### Task requirements
From the line with "Pin By Peterpan" to the final line of the data below, please write out every line exactly, with no pictures.

### Input data

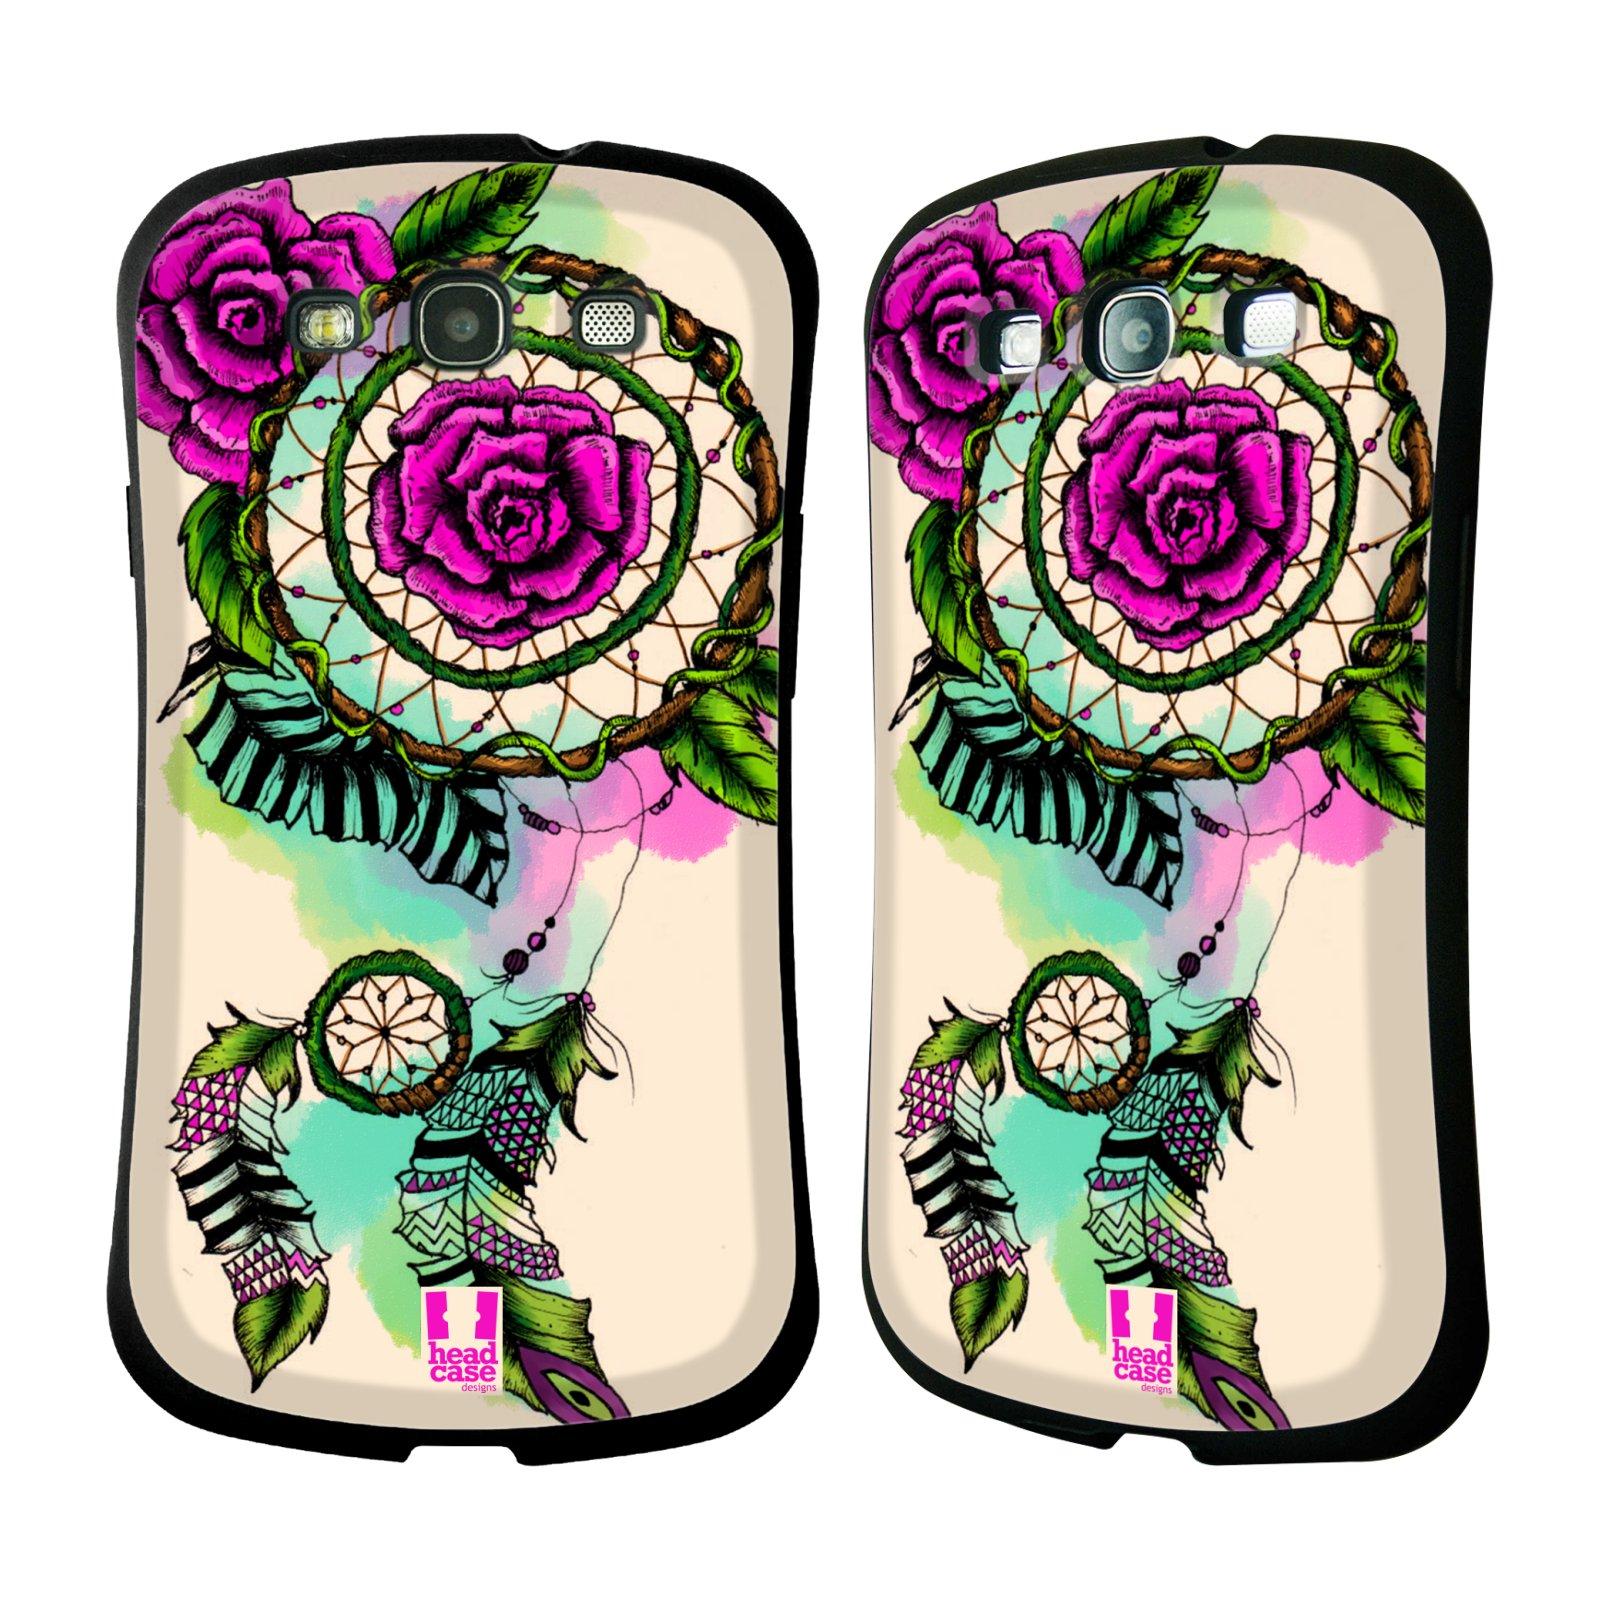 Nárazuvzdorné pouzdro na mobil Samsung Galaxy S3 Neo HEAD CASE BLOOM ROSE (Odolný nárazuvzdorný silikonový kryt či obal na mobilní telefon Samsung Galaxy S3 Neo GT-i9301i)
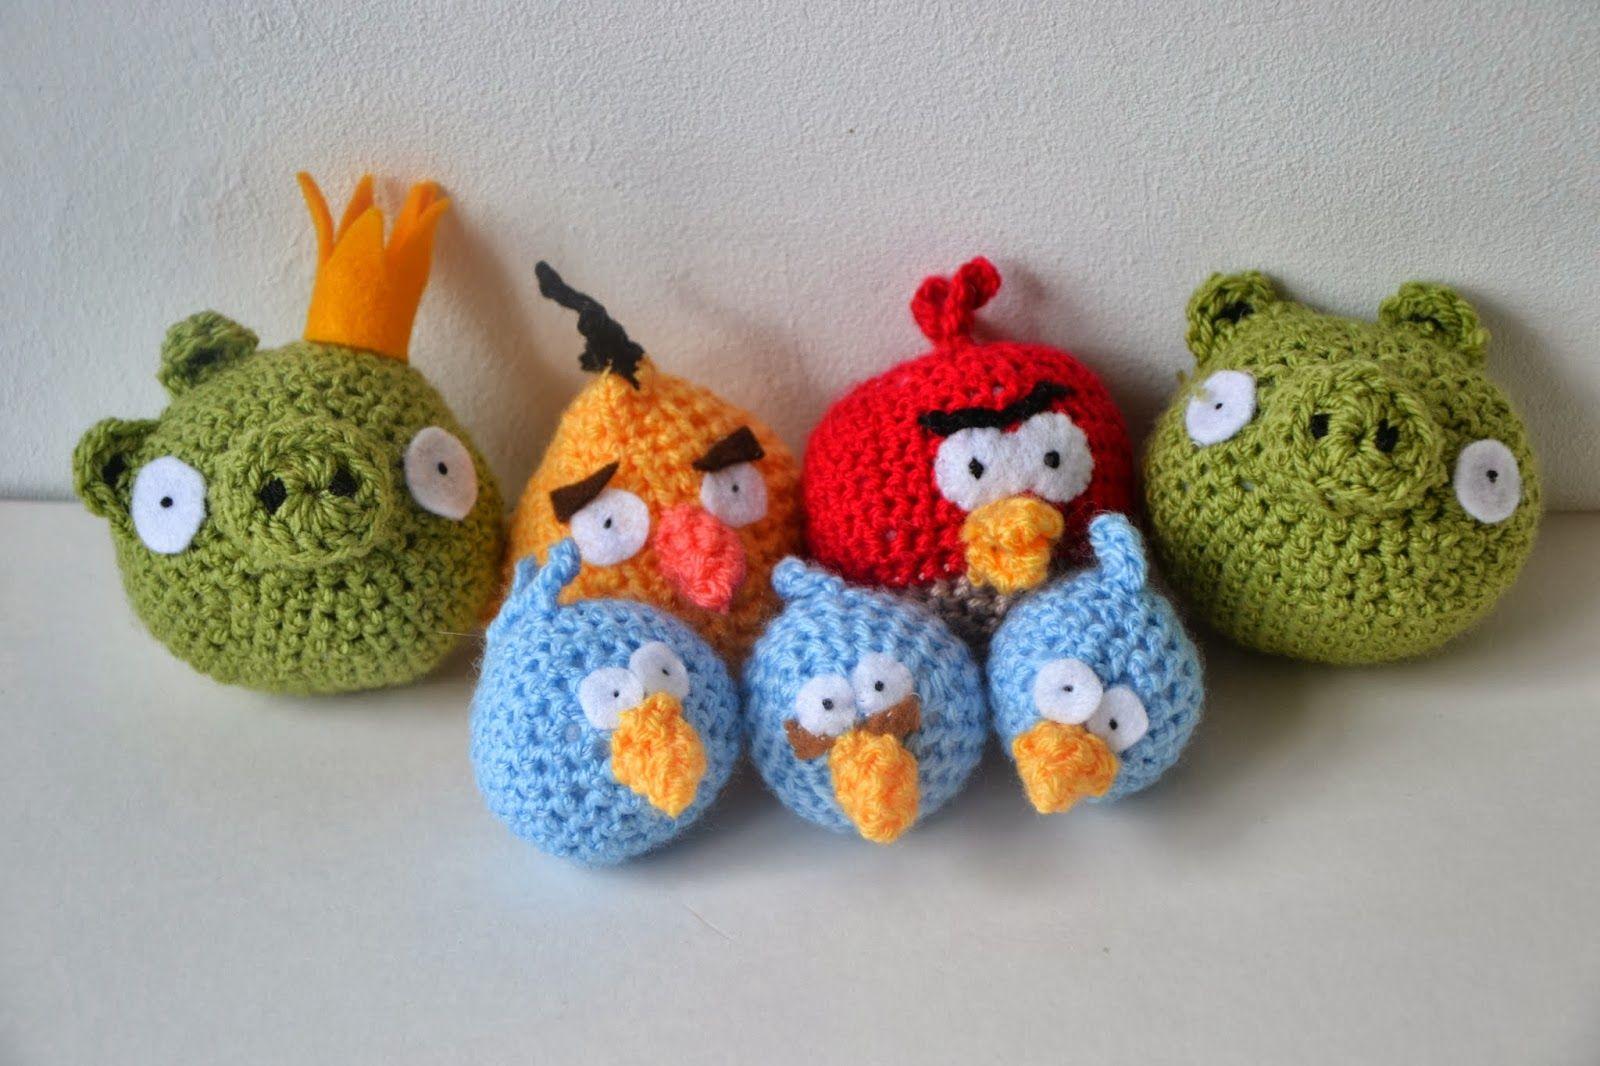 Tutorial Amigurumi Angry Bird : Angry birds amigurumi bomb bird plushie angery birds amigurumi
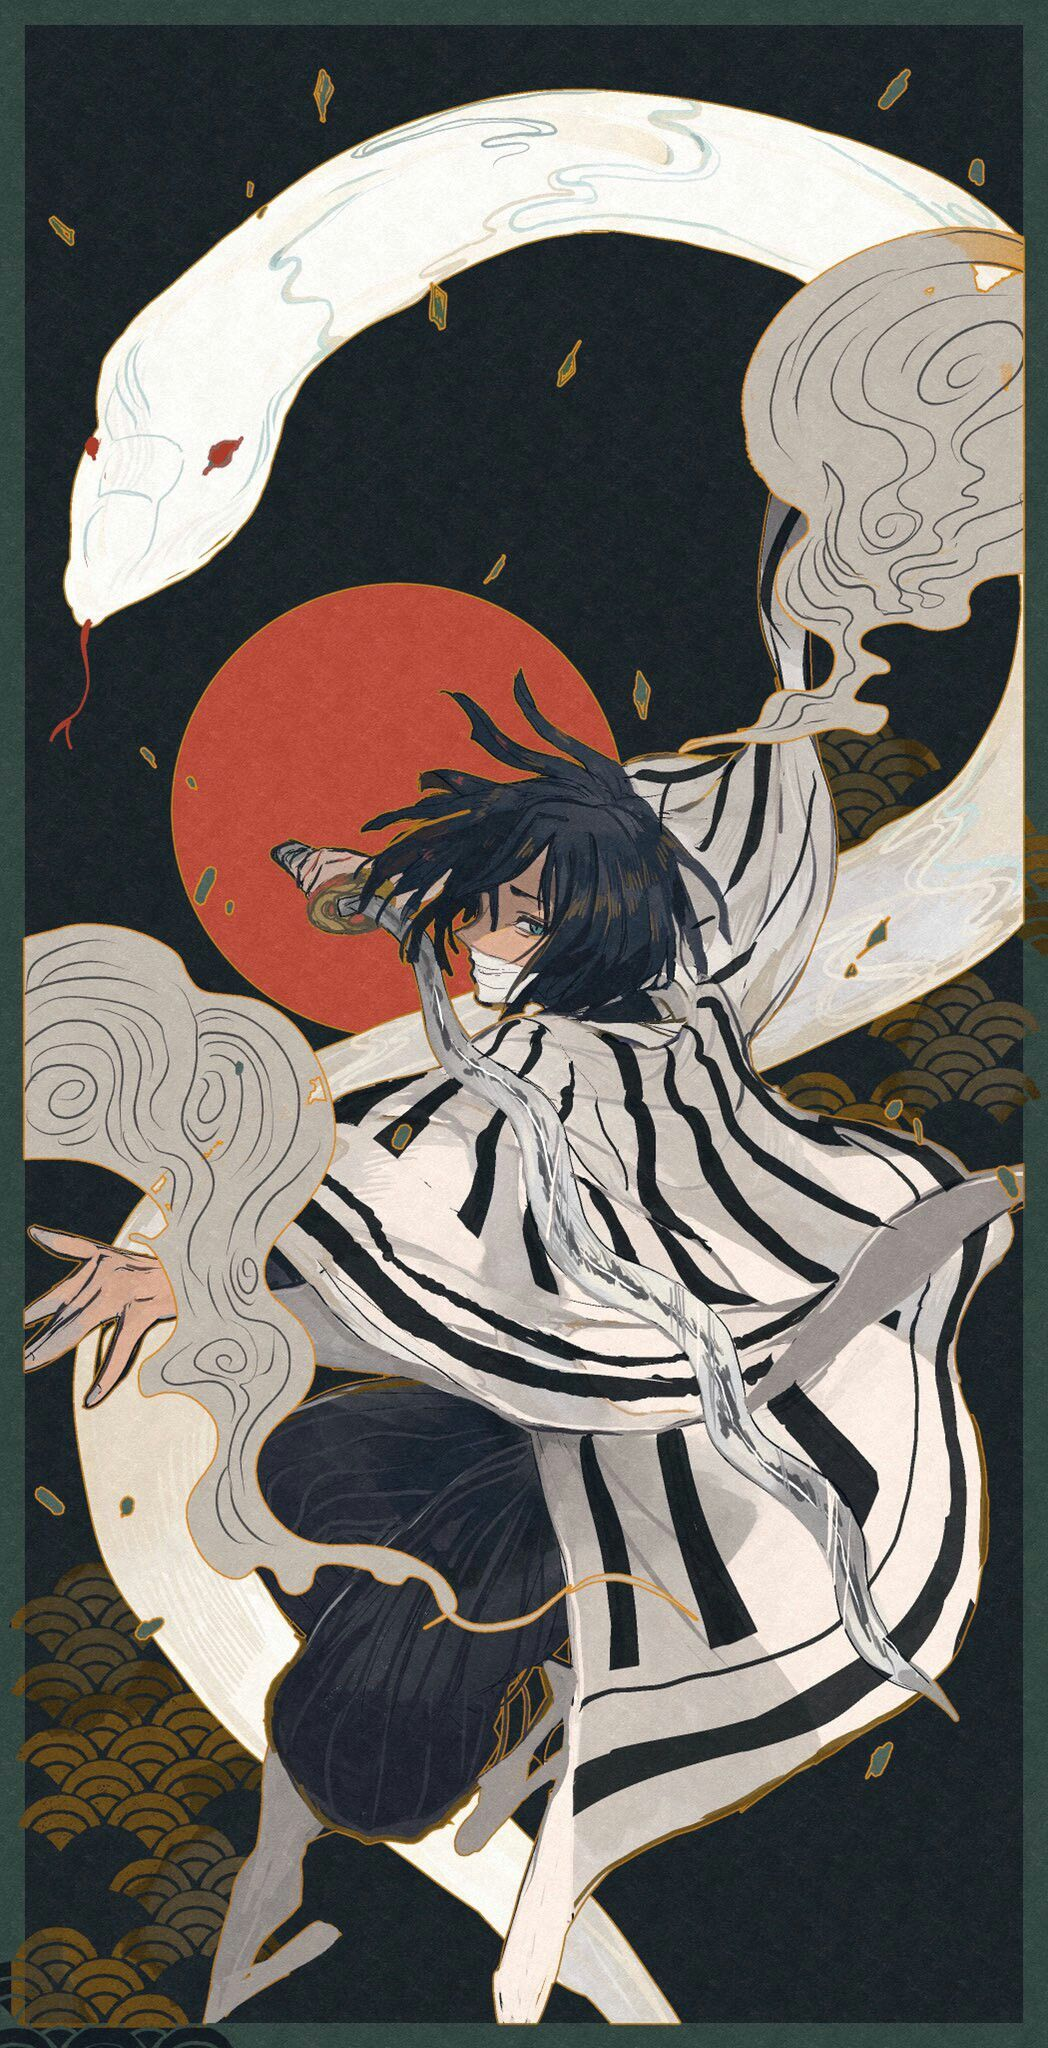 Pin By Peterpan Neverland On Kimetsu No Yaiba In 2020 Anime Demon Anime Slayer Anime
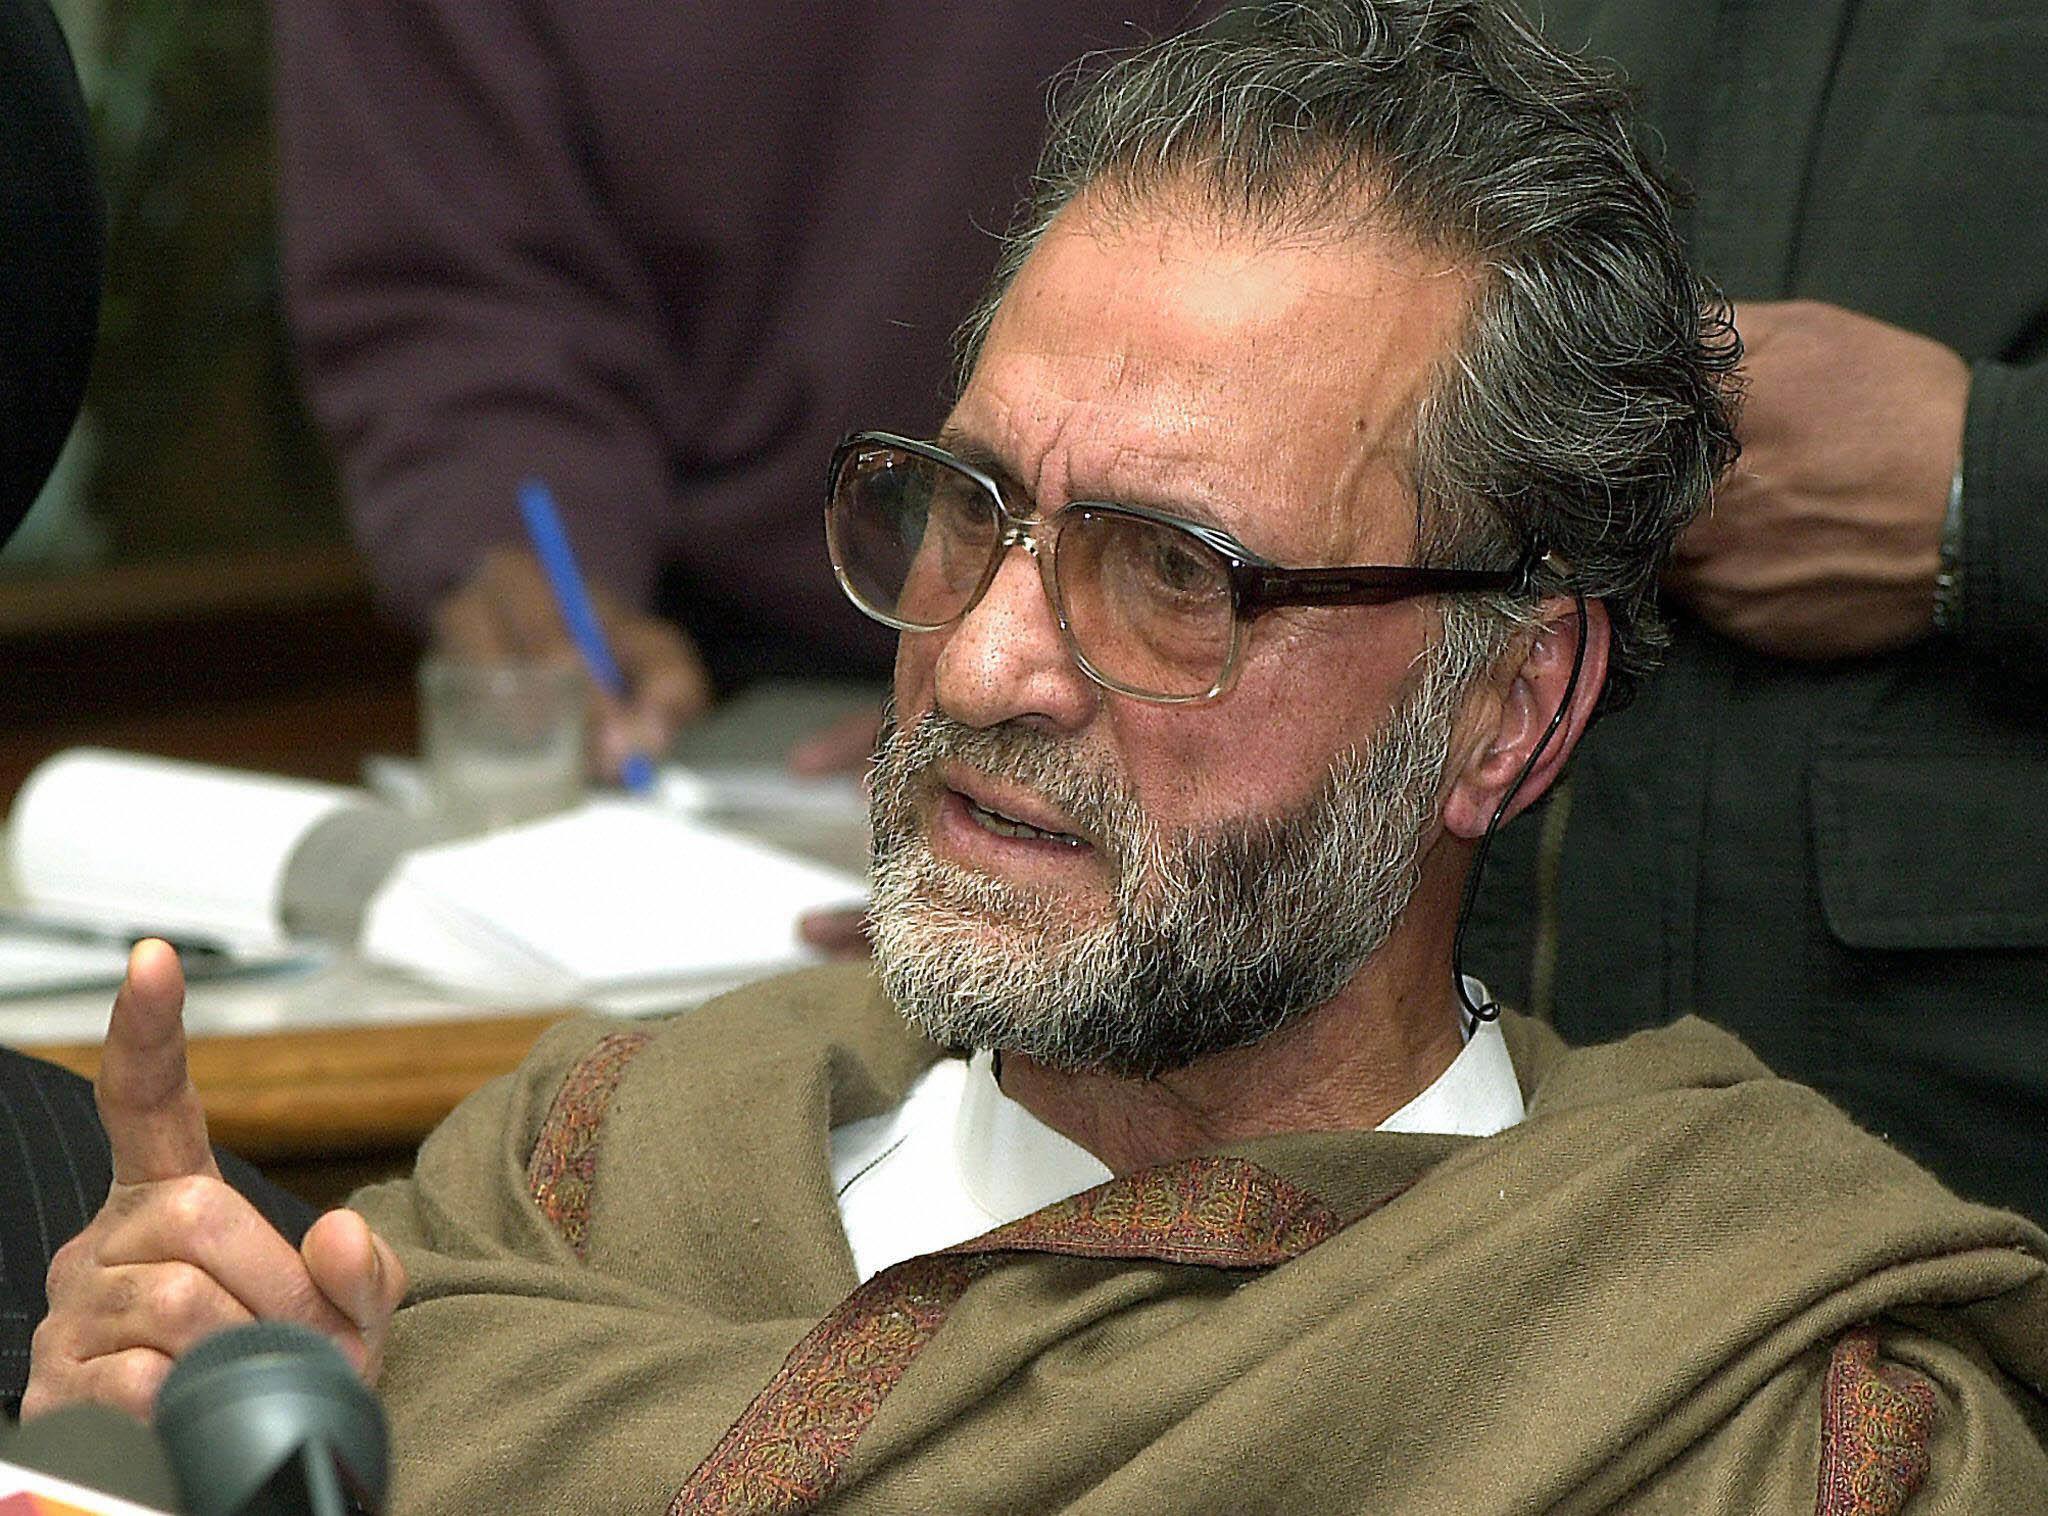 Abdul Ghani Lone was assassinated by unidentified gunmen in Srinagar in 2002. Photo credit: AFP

### Task solution
 Pin By Peterpan Neverland On Kimetsu No Yaiba In 2020 Anime Demon Anime Slayer Anime
 Abdul Ghani Lone was assassinated by unidentified gunmen in Srinagar in 2002. Photo credit: AFP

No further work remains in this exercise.